Wood duck parents frequently put some of their eggs in the nests of other birds as brood parasites. It’s a method for having as many children as possible reach maturity, and it may lead to some unusual scenarios.
According to National Geographic, Laurie Wolf, a wildlife artist and amateur photographer, observed a little fluffy bird bobbing up and down within the nest box in her Jupiter, Florida, garden one day. An eastern screech owl had set up residence there a few weeks prior, so Wolf assumed it was an owl chick. But it wasn’t the case.
The photographer and her husband eventually caught a sight of the mother owl peeking her head out of the nest box as a storm rolled in and the sky darkened. And there was a small yellow-and-black duckling peeking out from her side.

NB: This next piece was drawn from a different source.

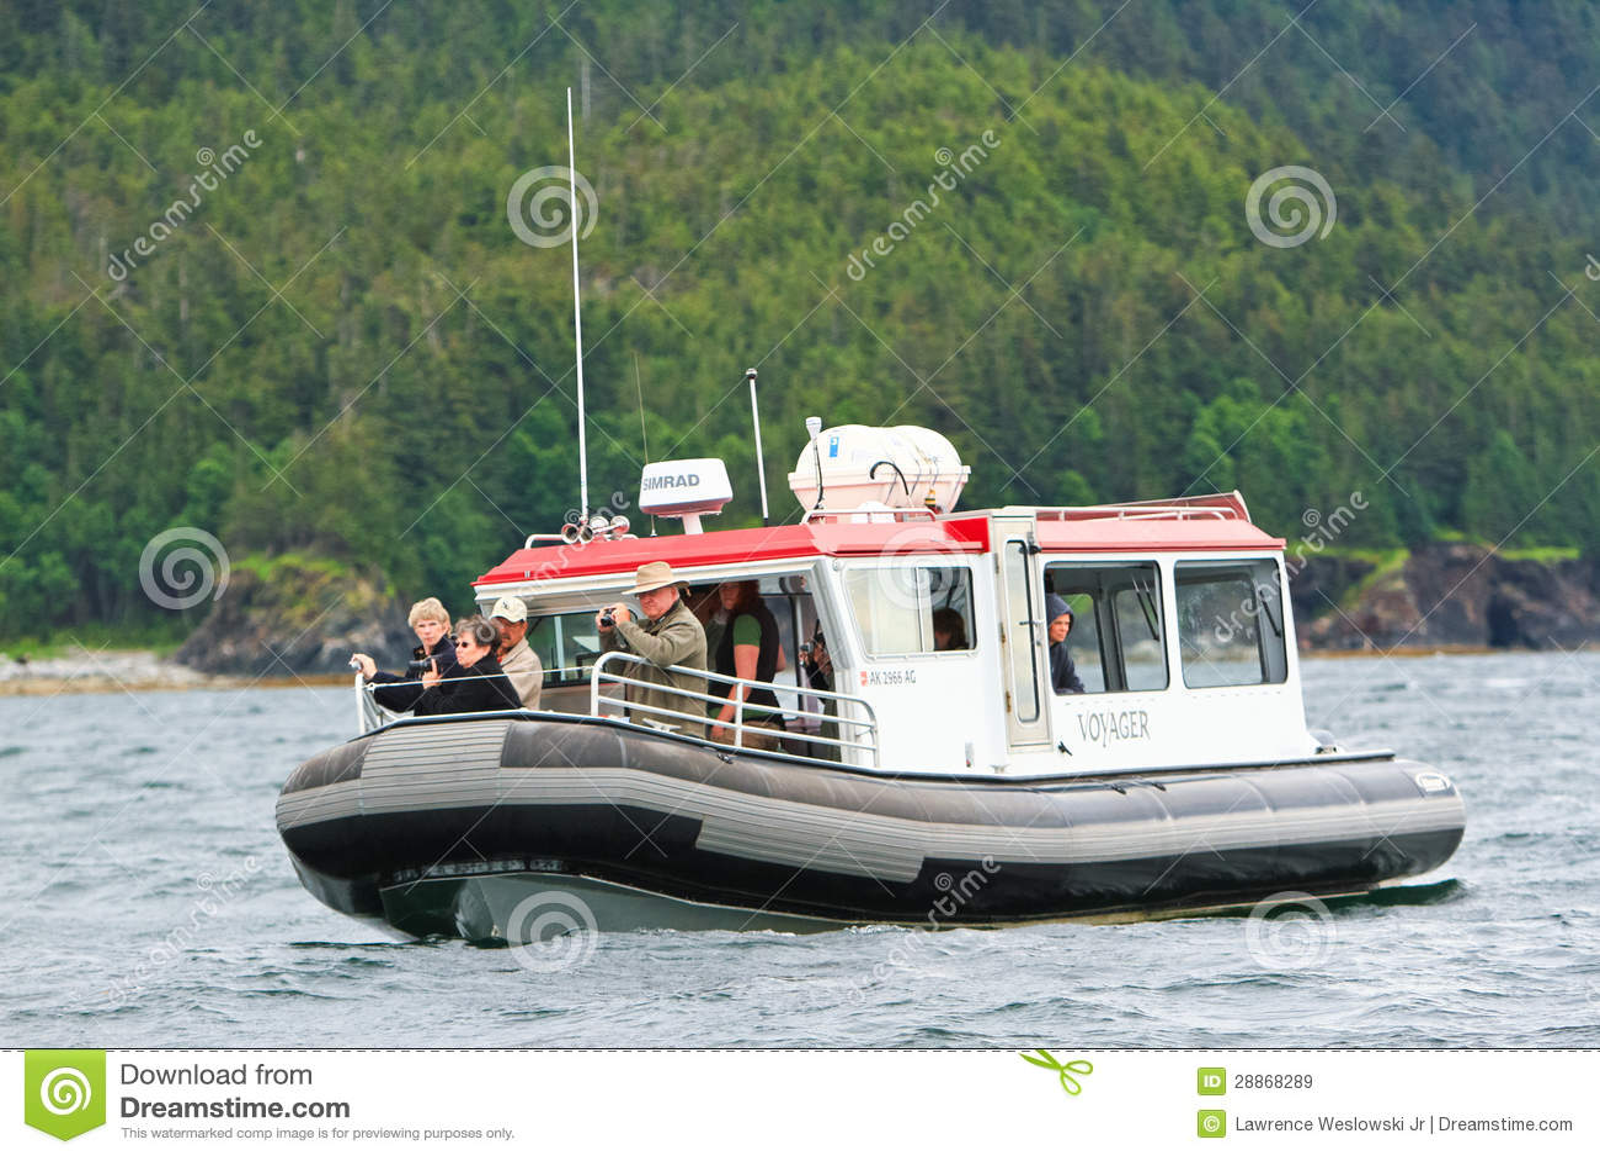 Alaska Whale Watching Boat Auke Bay Juneau Editorial Photo Cartoondealer Com 28868331

“They were just sitting there side by side,” Wolf explained. “It’s impossible to believe.” To this day, I find it hard to believe.”
Wold phoned a raptor specialist once she recovered from her surprise, as she was afraid that the predatory owl might eat the wood duck chick. Following the expert’s confirmation that the duckling was in danger, a local wildlife sanctuary promised to care for the animal if she managed to catch it.
However, just as she and her husband were going to attempt to capture the small bird, it leaped from the nest box and “beelined” to a nearby pond. Since then, the pair hasn’t seen it.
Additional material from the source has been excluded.